KPK Kaji Pasal Rintangi Jalannya Persidangan Perkara Anas

Jumat, 5 September 2014 | 23:15 WIB
NL
JS
Penulis: Novy Lumanauw | Editor: JAS

Jakarta - Komisi Pemberantasan Korupsi (KPK) tengah mengkaji pengenaan pasal obstruction of justice (merintangi jalannya persidangan) dalam perkara dugaan penerimaan hadiah terkait pembangunan proyek Pusat Pendidikan Pelatihan dan Sekolah Olahraga Nasional (P3SON) Hambalang, dengan terdakwa Anas Urbaningrum.

Wakil Ketua KPK, Bambang Widjojanto mengatakan ada beberapa hal yang mengarah pada dugaan merintangi jalannya persidangan. Di antaranya, salah satu tim pengacara Anas yang menjadi saksi sehingga subjektivitasnya tinggi dan terkesan merekayasa satu kesaksian perihal pembelian rumah terdakwa.

Kemudian, adanya Blackberry Messager (BBM) terdakwa ke saksi agar keterangan soal tanah yang dibeli seharga USD 1 juta di Yogyakarta atas perintah Mohammad Nazaruddin.

"Kami akan mengkaji kemungkinan digunakannya pasal obstraction of justice. Tetapi harus membuka penyidikan baru, karena itu proses di tengah sidang atau akan digunakan untuk memperberat tuntutan," ujar Bambang melalui pesan singkat, Jumat (5/9).

Hal senada juga diungkapkan oleh Wakil Ketua KPK lainnya, Busyro Muqoddas.

"Tentu saja menarik bagi kami melakukan penelusuran (obstruction of justice). Nanti, kalau ada pihak-pihak terkait dengan ini tidak tertutup kemungkinan," ujar Busyro di kantor KPK, Jakarta, Jumat (5/9).

Dalam sidang dengan terdakwa Anas memang saksi Bertha Herawati mengaku pernah diancam oleh pendukung terdakwa untuk tidak bersaksi dalam persidangan.

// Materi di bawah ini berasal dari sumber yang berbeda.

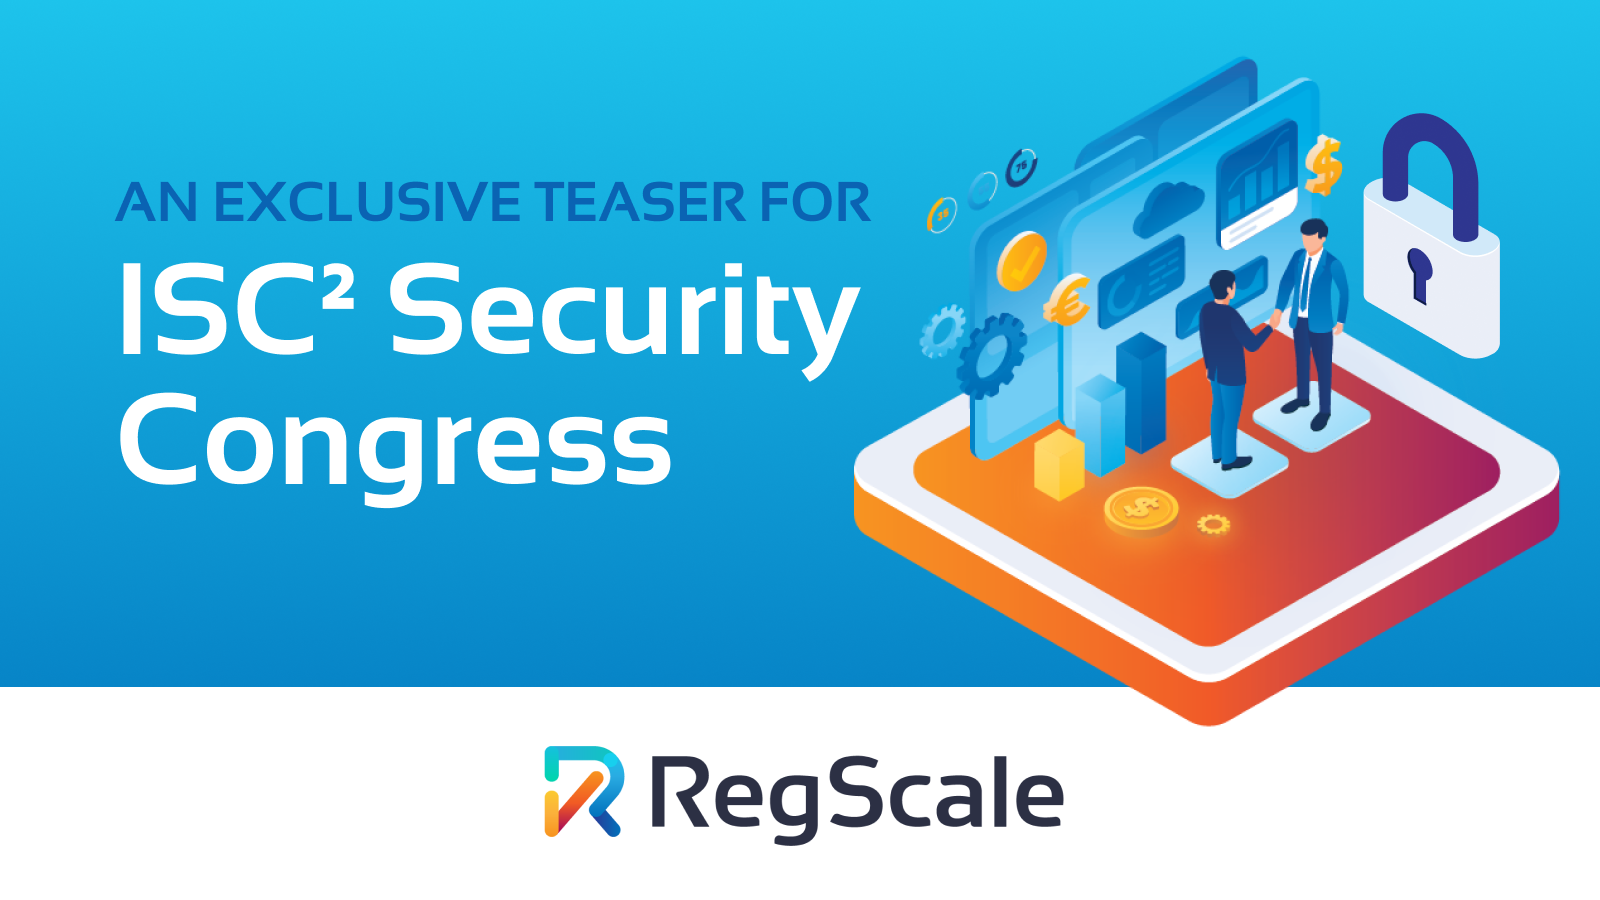 An Exclusive Teaser for ISC2 Security Congress graphic with RegScale logo

Kemudian, dalam sidang juga terungkap adanya profil BBM bernama Wisanggeni yang diduga mengacu pada Anas. Dalam pesannya kerap mengarahkan perihal bukti-bukti dan Kongres Demokrat.

Berikut beberapa percakapan dalam print out BB atas nama Wisanggeni;

"Ril, 100 dikasih 15 DPC, 100 dikasihkan NZ langsung, beli BB NZ, NRL, EVA."

Selanjutnya, "Eva kasih ke Pasha dan Dewo EO 2M dan 560 JT". "Hambalang: usahakan anggaran karena ada perusahaan istri".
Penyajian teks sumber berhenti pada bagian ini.